- Leech as depicted in X-Men: The 198 #2 (April 2006). Art by Jim Muniz.

Publication information
- Publisher: Marvel Comics
- First appearance: The Uncanny X-Men #179 (March 1984)
- Created by: Chris Claremont (writer) John Romita Jr. (artist)

In-story information
- Alter ego: James "Jimmy" (X-Men films) Dorian Leach (X-Men: Evolution)
- Species: Human mutant
- Team affiliations: Future Foundation; Weapon X; The 198; Generation X; Daydreamers; X-Terminators; X-Factor; Morlocks; Xavier Institute;
- Notable aliases: The Cure Kid Incredible
- Abilities: Power suppression

= Leech (character) =

Leech is a fictional character appearing in American comic books published by Marvel Comics.

Leech made his first appearance in Uncanny X-Men as a Morlock, a group of mutants whose deformities force them to live in the sewers under Manhattan. He is usually depicted as being around twelve years old, though his exact age and real name are unrevealed. Leech speaks in broken English and refers to himself in the third person.

==Publication history==
===1980s and 1990s===
Leech first appeared in The Uncanny X-Men #179 (March 1984), and was created by Chris Claremont and John Romita Jr. Leech appeared as a ward of X-Factor in the first volume of the series, as well as X-Terminators and New Mutants, often paired with Artie Maddicks.
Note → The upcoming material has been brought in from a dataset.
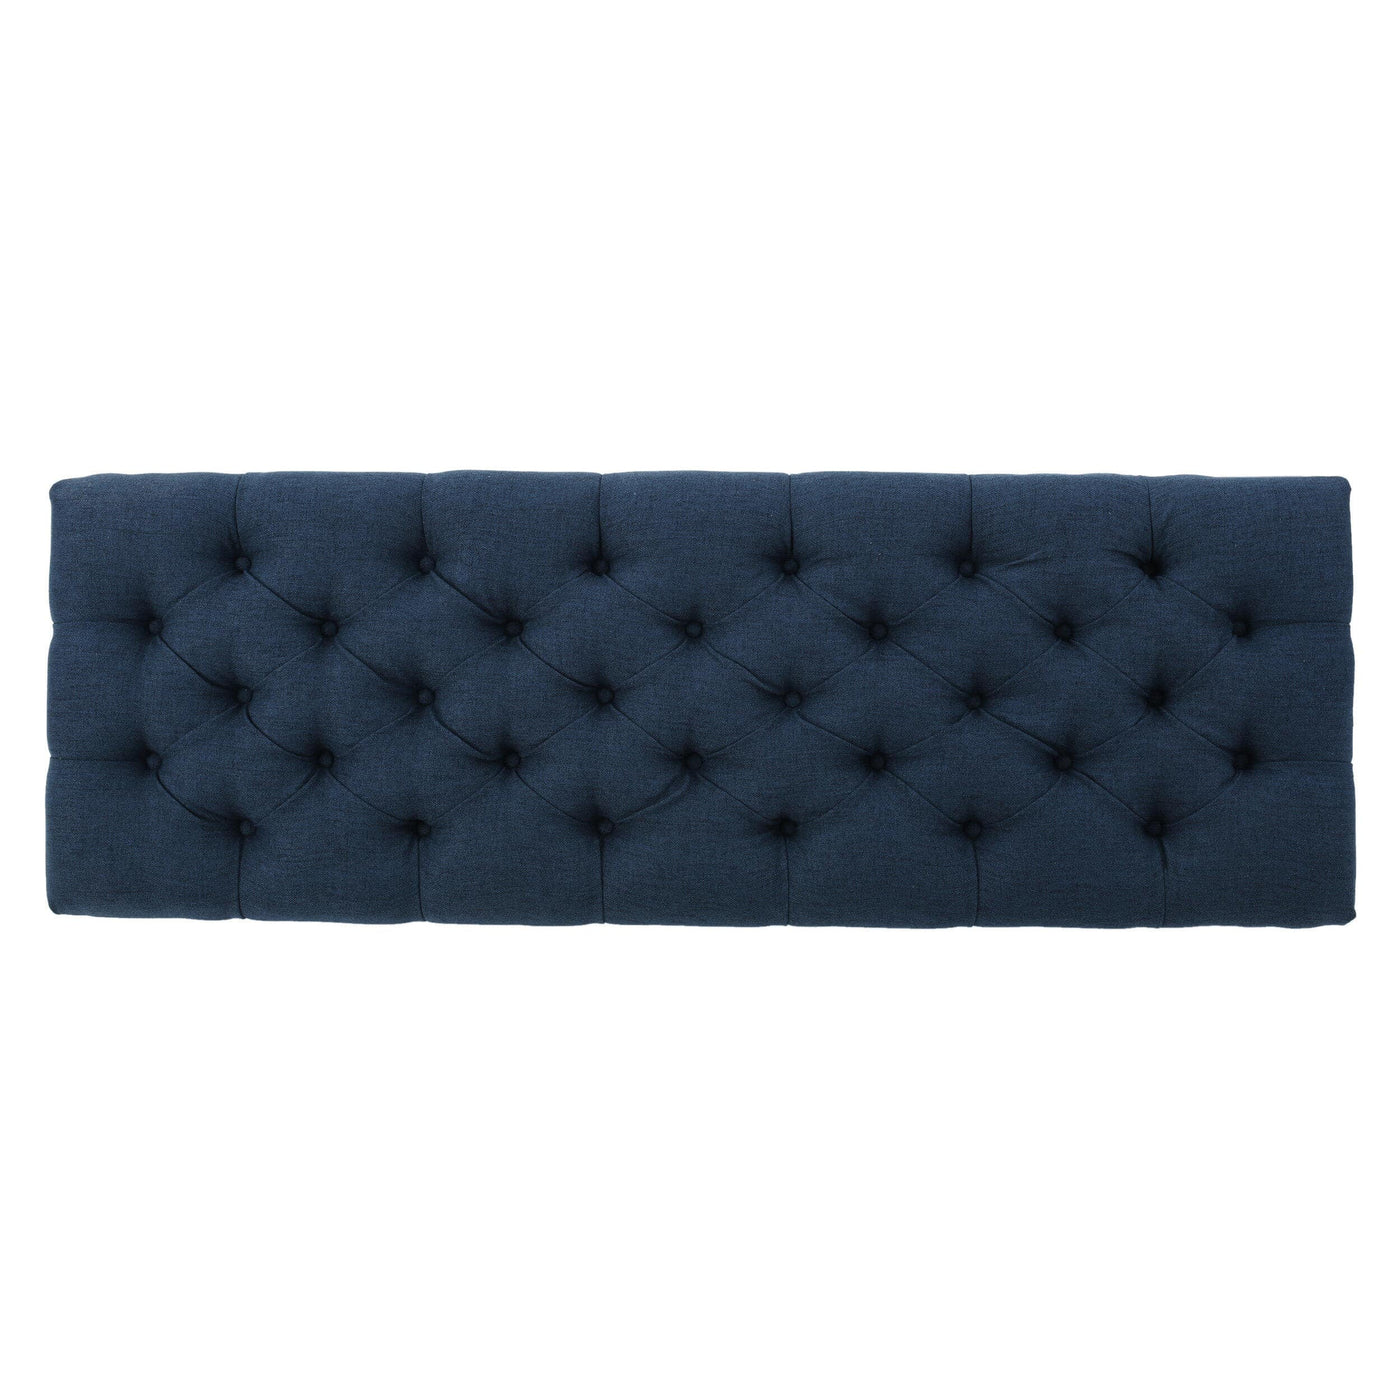 Noble House Dark Blue Tufted Fabric Storage Bench - $130

In the 1990s, Leech and Artie became wards of Generation X, beginning with issue 6. They would appear alongside Man-Thing, Howard the Duck, Tana Nile, and Franklin Richards in the 1997 three-issue miniseries Daydreamers.

===2000s and 2010s===
Leech appeared as a member of the 198 in the 198 Files. In 2009, Leech and Artie joined the Future Foundation, appearing in two volumes of the series, as well as issues of volumes 3-6 of Fantastic Four. He made appearances in X-Men and Spider-Man titles of the time as well. The pair would later join the mutant nation of Krakoa.
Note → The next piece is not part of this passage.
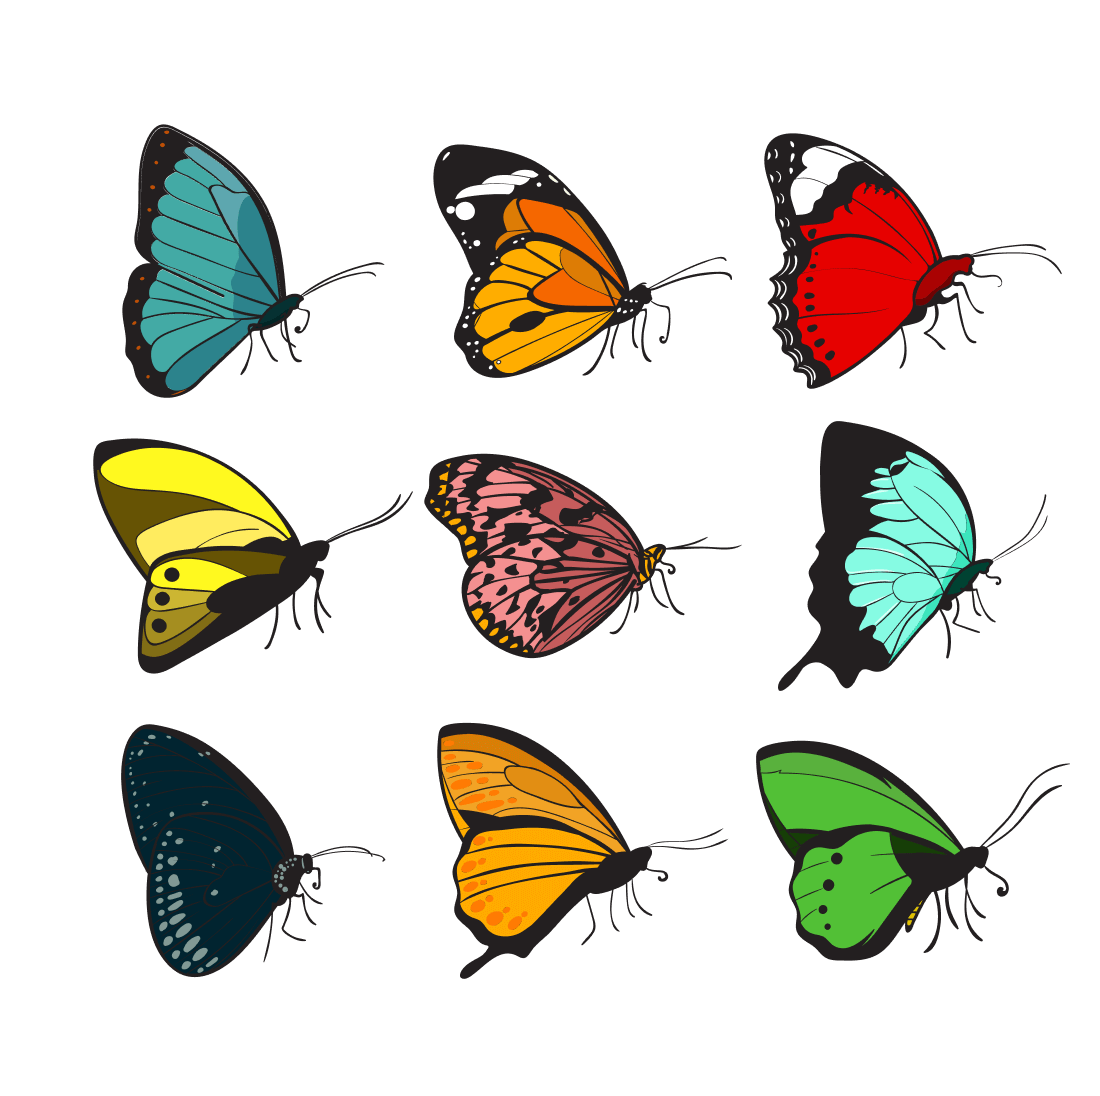 Group of colorful butterflies on a white background.

Leech appeared as part of the "Morlocks" entry in The Official Handbook of the Marvel Universe Deluxe Edition #9.

==Fictional character biography==

Leech in his original depiction with a more elongated skull. Art by John Romita Jr. and Dan Green.
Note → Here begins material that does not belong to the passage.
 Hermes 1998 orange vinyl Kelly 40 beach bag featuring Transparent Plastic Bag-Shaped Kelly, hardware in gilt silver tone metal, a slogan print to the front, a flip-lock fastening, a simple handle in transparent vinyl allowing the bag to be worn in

As a child, Leech is abandoned and left to die when his mutations become apparent. He is found by the Morlock Caliban and taken to Annalee, who raises him and several other young mutants as her children. He becomes friends with X-Factor ward Artie Maddicks and has several encounters with the X-Men.

In Mutant Massacre, Annalee and many other mutants are killed by the Marauders, with Leech being among the survivors. X-Factor takes him and Artie Maddicks in until they can be enrolled in St. Simons, a private school that accepts mutants.

Soon after they begin attending St. Simons, Leech and Artie are captured by mutant-hunting demons. Leech's friend Taki Matsuya and an ad-hoc team of mutants, calling themselves the X-Terminators, join with the New Mutants in battling the demonic threat.

Leech, Artie, and Taki return to St. Simons, though they do not stay out of trouble. Taki's crush on a teacher leads to uncovering a plot by mutant-hating humans to kidnap and kill as many mutants as possible. The young trio disobey orders and literally fly off. After much violence, the kidnapping plans are discovered and the conspirators arrested. A nearby resident, Ida Fassbender, discovers the trio's technologically assisted jaunts, and her paranoia endangers their lives. Ida resolves the problem and allows the three to visit her whenever they want. Leech is comforted by Ida's resemblance to Annalee.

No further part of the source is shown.